- Church: Ethiopian Orthodox Tewahedo Church
- Installed: 28 June 1959
- Term ended: 12 October 1970
- Predecessor: Pope Cyril VI (Before autocephaly from Coptic Church) Abuna Qerellos IV (as Archbishop of Ethiopia)
- Successor: Abuna Theophilos
- Other posts: Archbishop of Ethiopia Blessed Echege of the See of Takla Haymanot

Orders
- Ordination: 1914 (Priesthood)
- Consecration: 25 July 1948 by Coptic Pope Yousab II

Personal details
- Born: Gebre-Giorghis Wolde-Tsadiq 23 April 1891 Mada Mikael, Shewa Province, Ethiopian Empire (now Merhabete, North Shewa, Amhara Region, Ethiopia)
- Died: 13 October 1970 (aged 79)
- Buried: Holy Trinity Cathedral, Addis Ababa, Ethiopia

= Abuna Basilios =

Patriarch of the Ethiopian Orthodox Tewahedo Church from 1959 to 1970

Abuna Basilios (born Gebre Giyorgis Wolde Tsadik; 23 April 1891 – 13 October 1970) was an Ethiopian Orthodox prelate who served as the first Archbishop of Ethiopia, and later the first patriarch of the Ethiopian Orthodox Tewahedo Church.

==Life ==
Patriarch Abune Basilios was born Gebre Giyorgis Wolde Tsadik in Mada Mikael, a village in the district of Merhabete in Shewa. Memhir Wolde Tsadik Solomon, his father, was a respected ecclesiastical official. In his home town Gebre Giyorgis received an elementary education at the local church then entered the Monastery of Debre Libanos where he received advanced religious education. He took the Holy Orders and became a monk at the age of 21. For the next 12 years he served in the same monastery. He went on to be appointed administrator of various churches in Ethiopia, most notably the Church of St. Mary at Menagesha. In early 1923 he was nominated Head of the Ethiopian Churches and Monasteries in Jerusalem with the title of "Memhir".

Memhir Abba Gebre Giyorgis remained in Jerusalem for two years, where he gained the theological knowledge to become Ichege of the Debre Libanos Monastery in 1933. (At the time this was the highest rank open to an Ethiopian within the church, for the office of Abuna, or archbishop, was always a cleric of the Coptic Church). During the Italian invasion, Ichege Gebre Giyorgis accompanied Emperor Haile Selassie and the Ethiopian troops to the Battle of Maychew; following the defeat in that battle the Ichege accompanied the Emperor back to Addis Ababa and participated in the decision of the Emperor to go into exile and present Ethiopia's case to the League of Nations.
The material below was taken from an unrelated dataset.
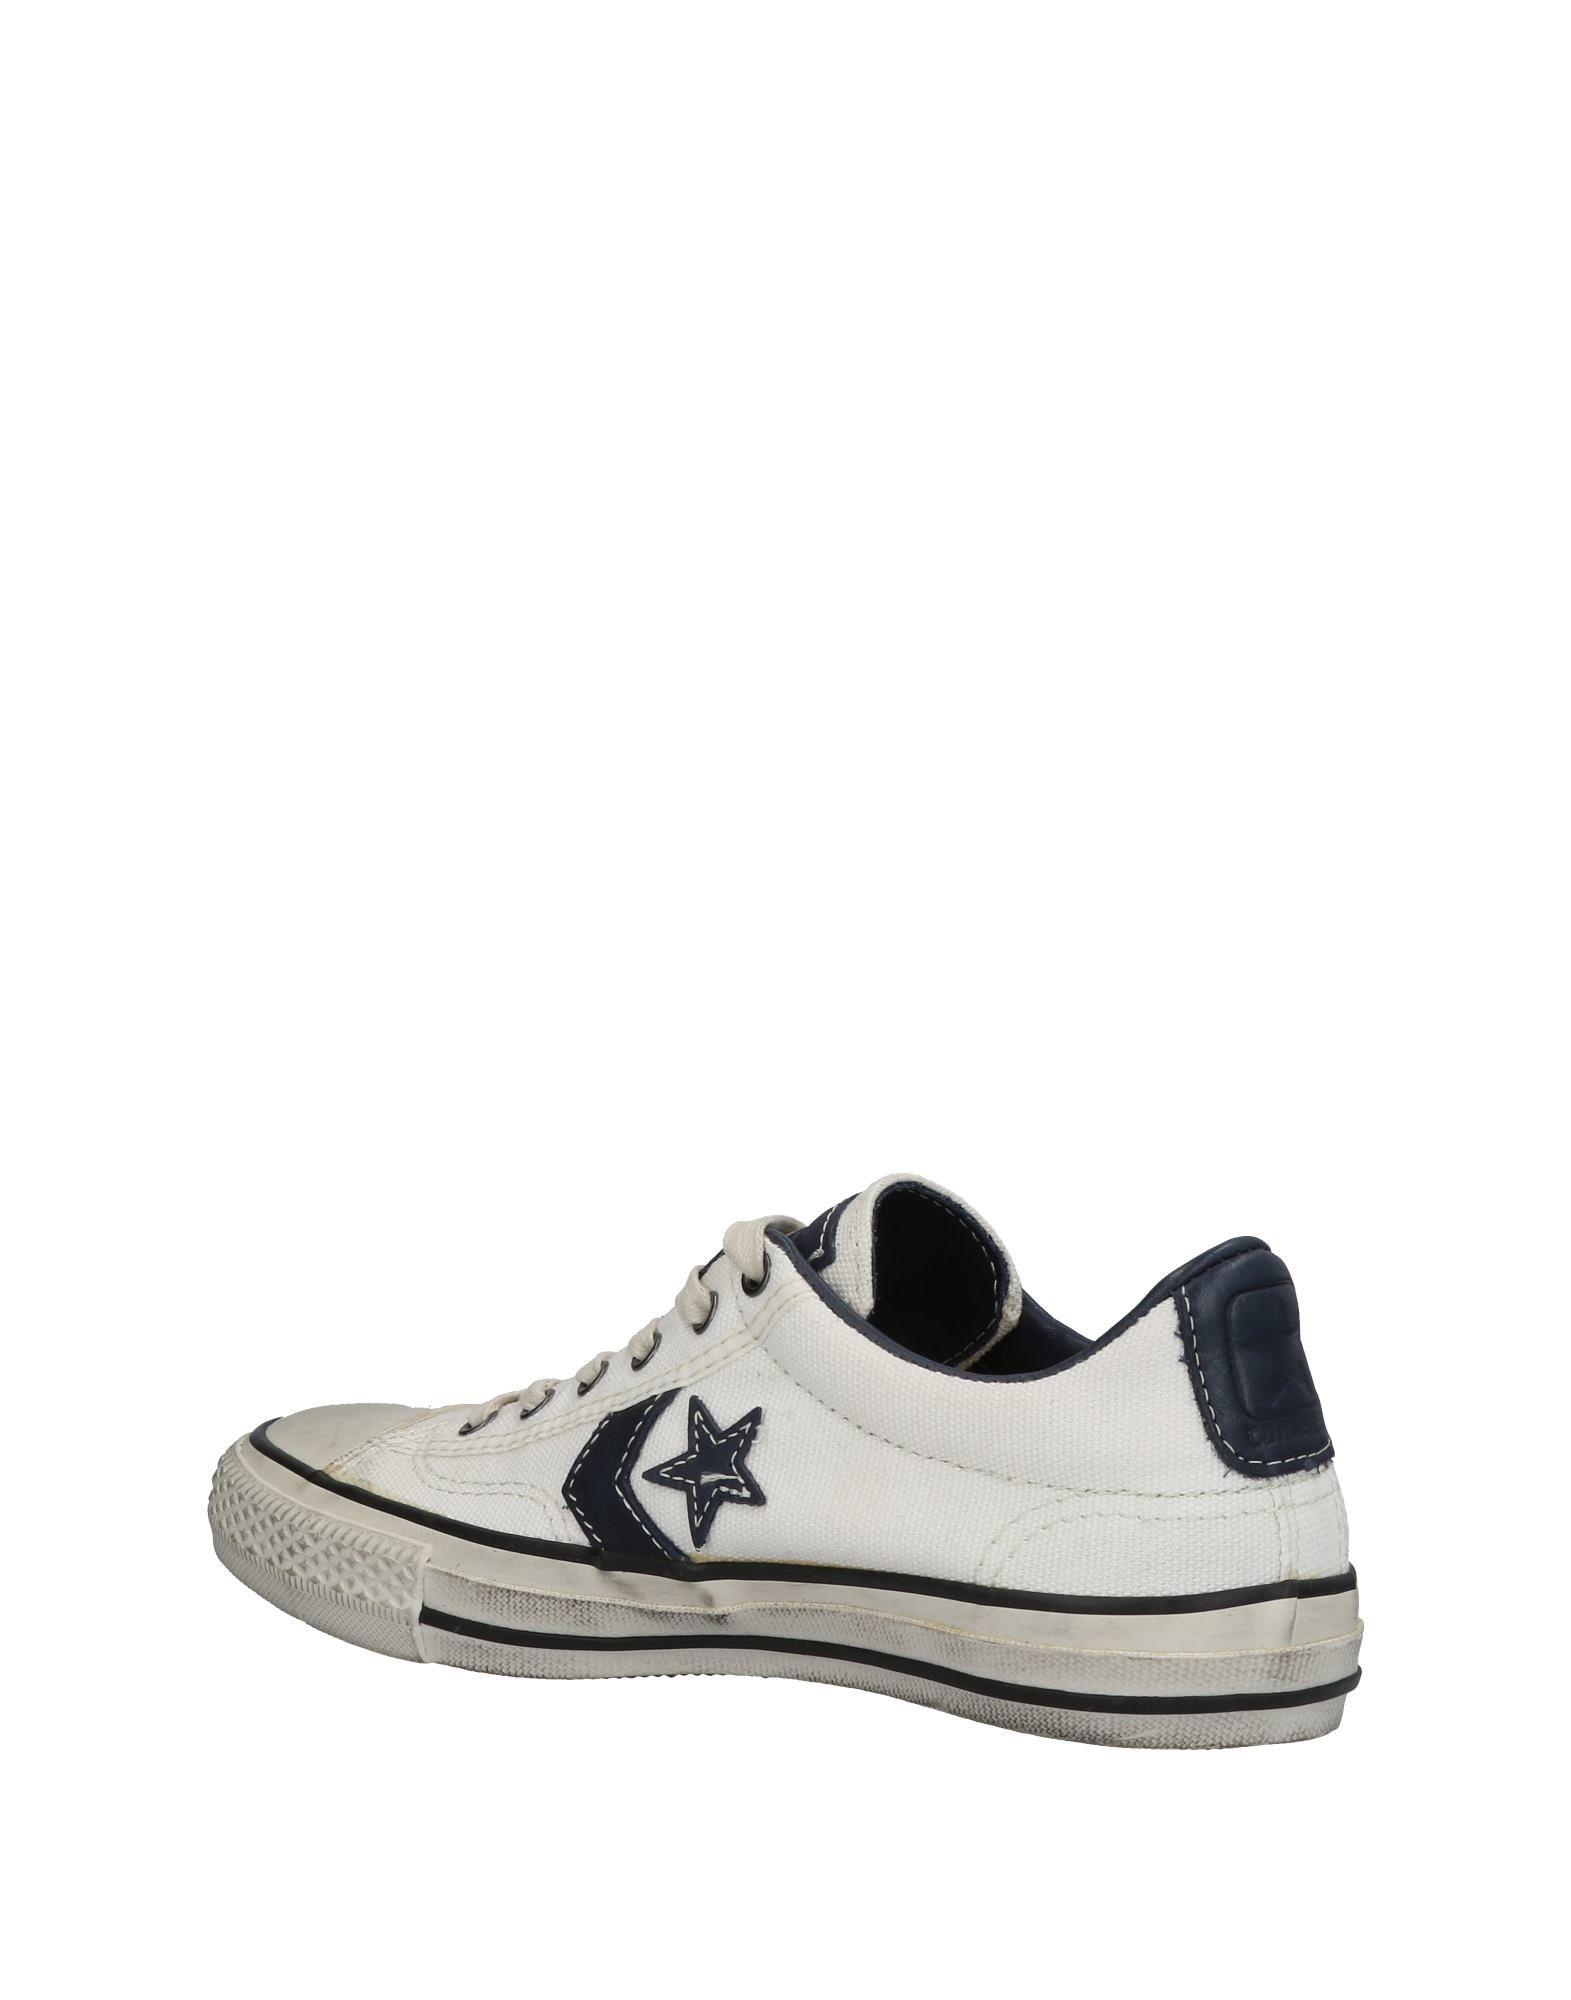 Sneakers Converse John Varvatos Femme - Sneakers Converse John Varvatos sur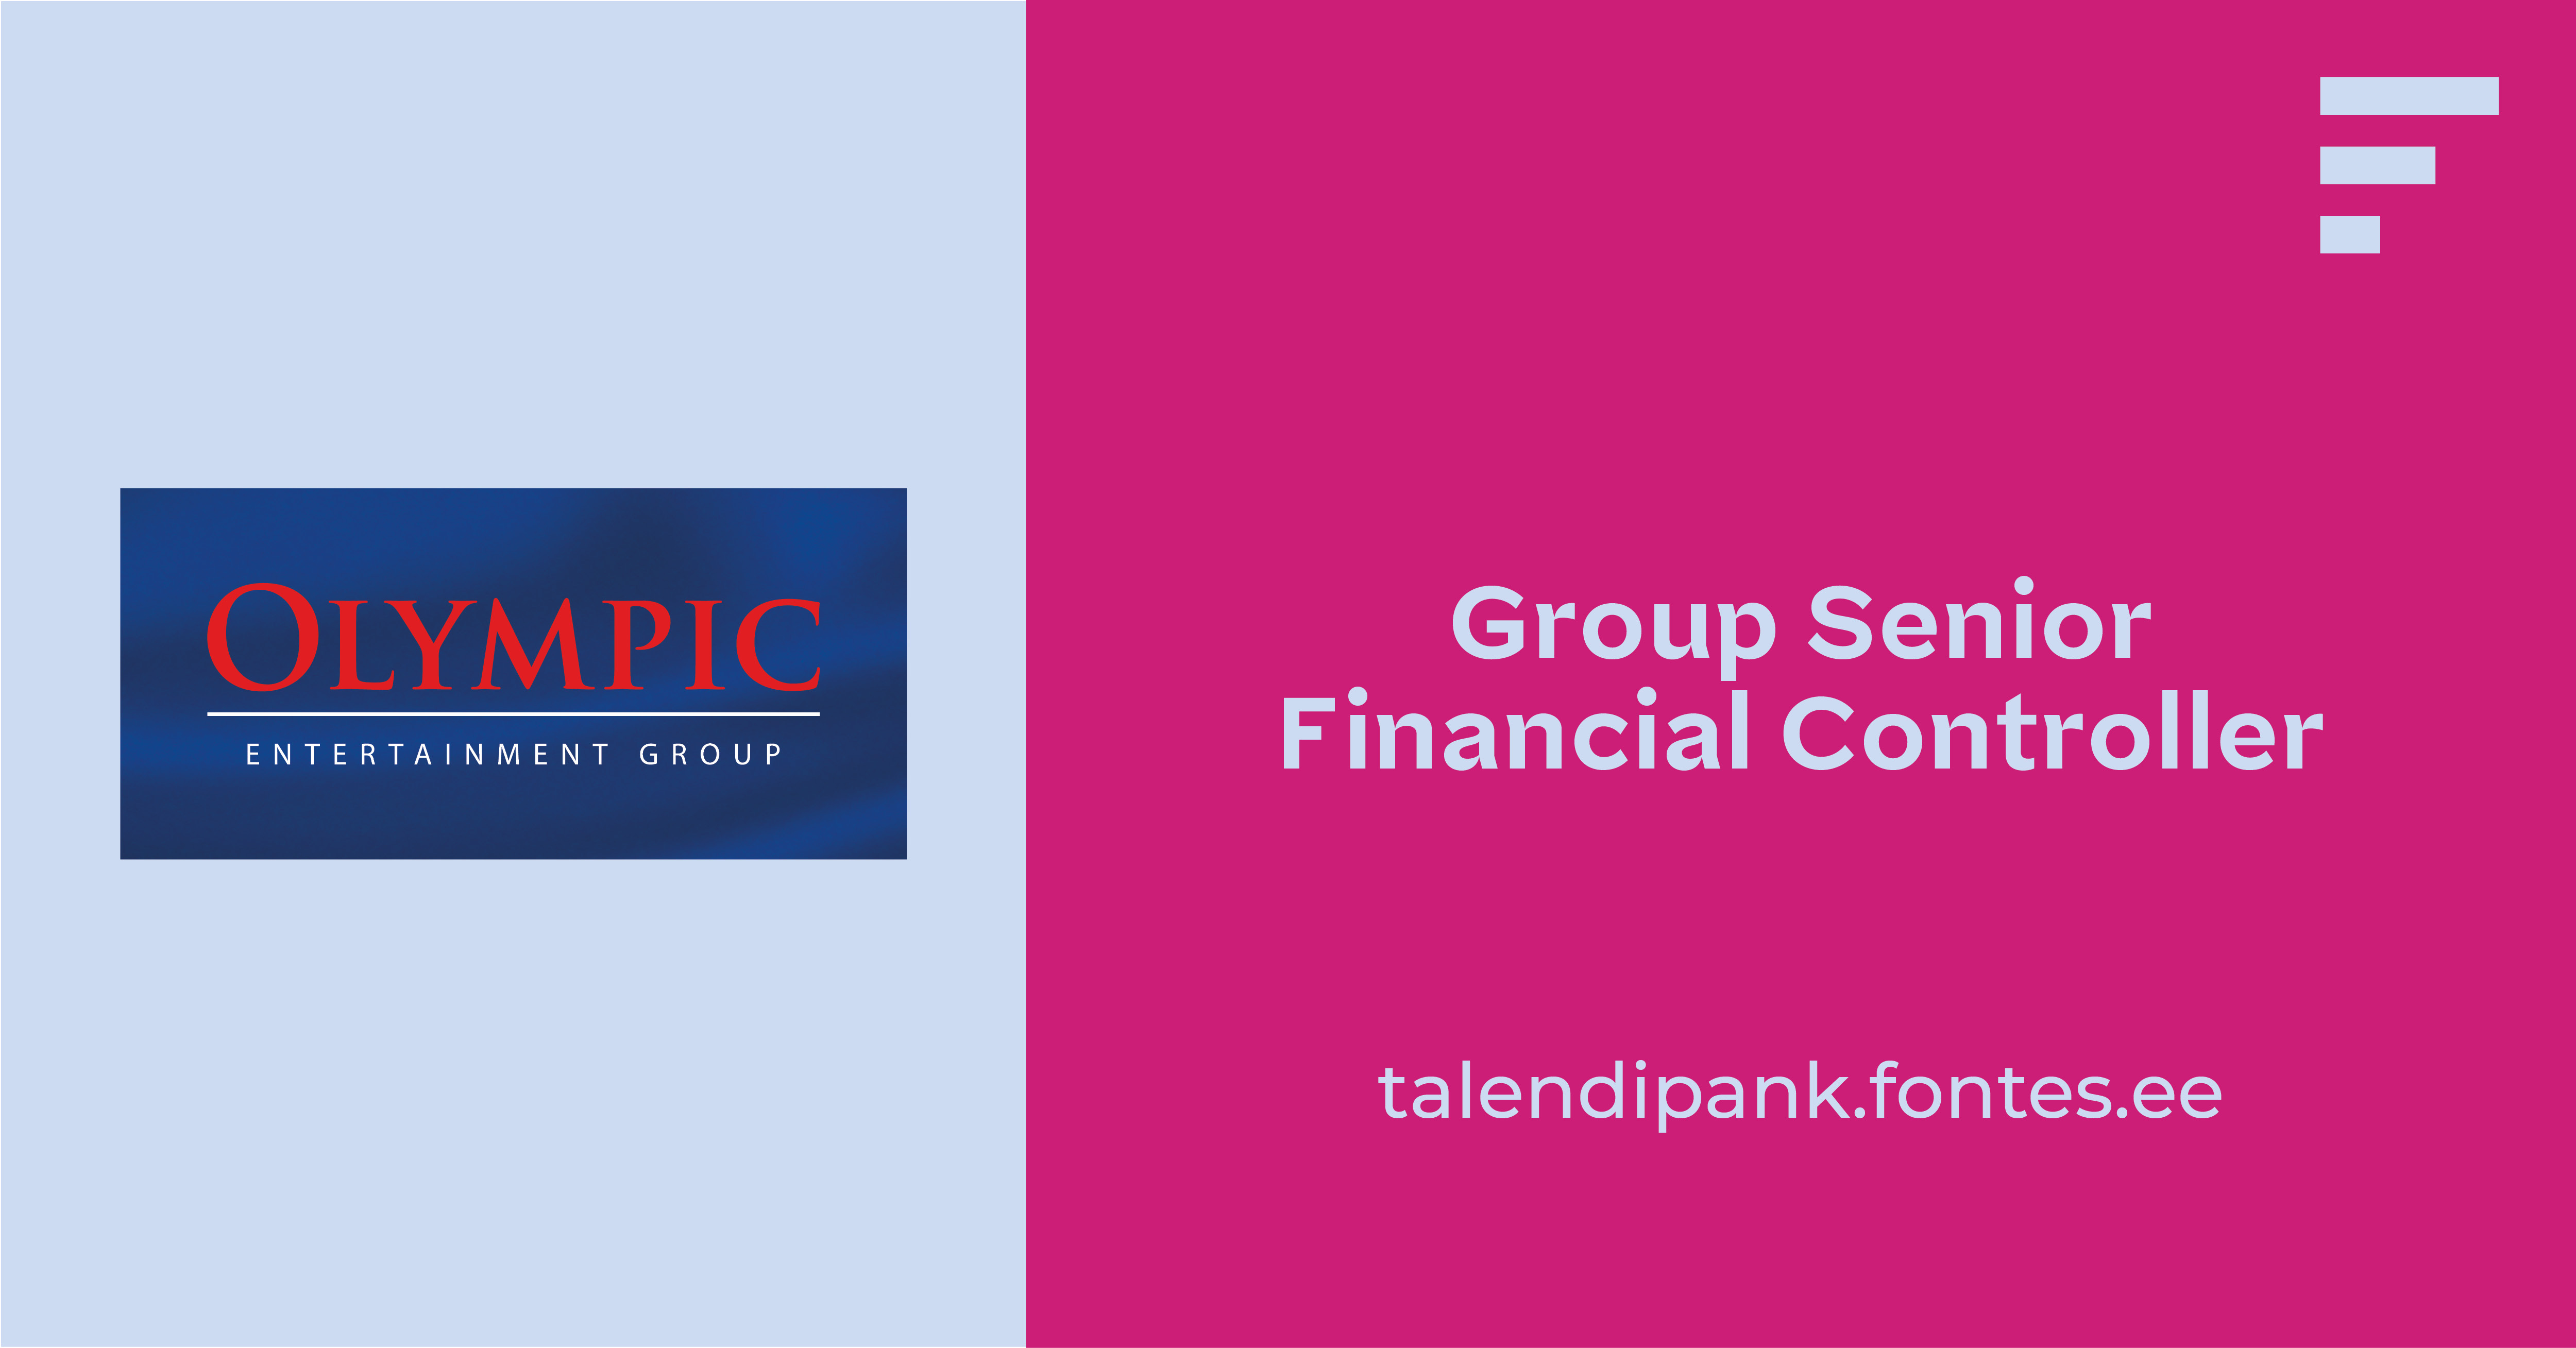 GROUP SENIOR FINANCIAL CONTROLLER

During the Italian occupation, Ichege Gebre Giyorgis lived in exile in Jerusalem, where he remained in touch with the Arbegnoch, or resistance fighters inside Ethiopia. During the Italian occupation, the Coptic Archbishop of the Ethiopian Orthodox Church, Abune Kerrilos had initially submitted to Italian rule. Later, the Archbishop returned to Egypt and denounced the Italian occupation, and the Italians then un-canonically appointed the Ethiopian born Bishop of Gojjam, "Abune" Abraham as the new archbishop of the Ethiopian Orthodox church in 1937, and allowed him to anoint new bishops without the sanction of the Coptic Patriarchate of Alexandria. Upon "Abune" Abraham's death the Italian authorities replaced him with "Abune" Yohannes as archbishop. Neither the Patriarch in Egypt, nor the Emperor living in exile in Britain recognized these Archbishops appointed by the Italians. However, the exiled Imperial court also regarded the exiled Abune Kerrilos as having first collaborated with the enemy and then abandoned his flock. At the eve of Emperor Haile Selassie's return to Ethiopia, the Coptic ecclesiastical authorities suggested that the current Abuna, Kerrilos accompany the Emperor on his entrance into Ethiopia; the offer was declined and the Ichege selected instead. As Margary Perham notes, "The photographs of that dramatic moment when the Emperor stepped across the frontier in the wild region of the Upper Dinder and unfurled his flag, show the Ichegé, a fine figure of a man in his flowing black ceremonial robes, standing beside him."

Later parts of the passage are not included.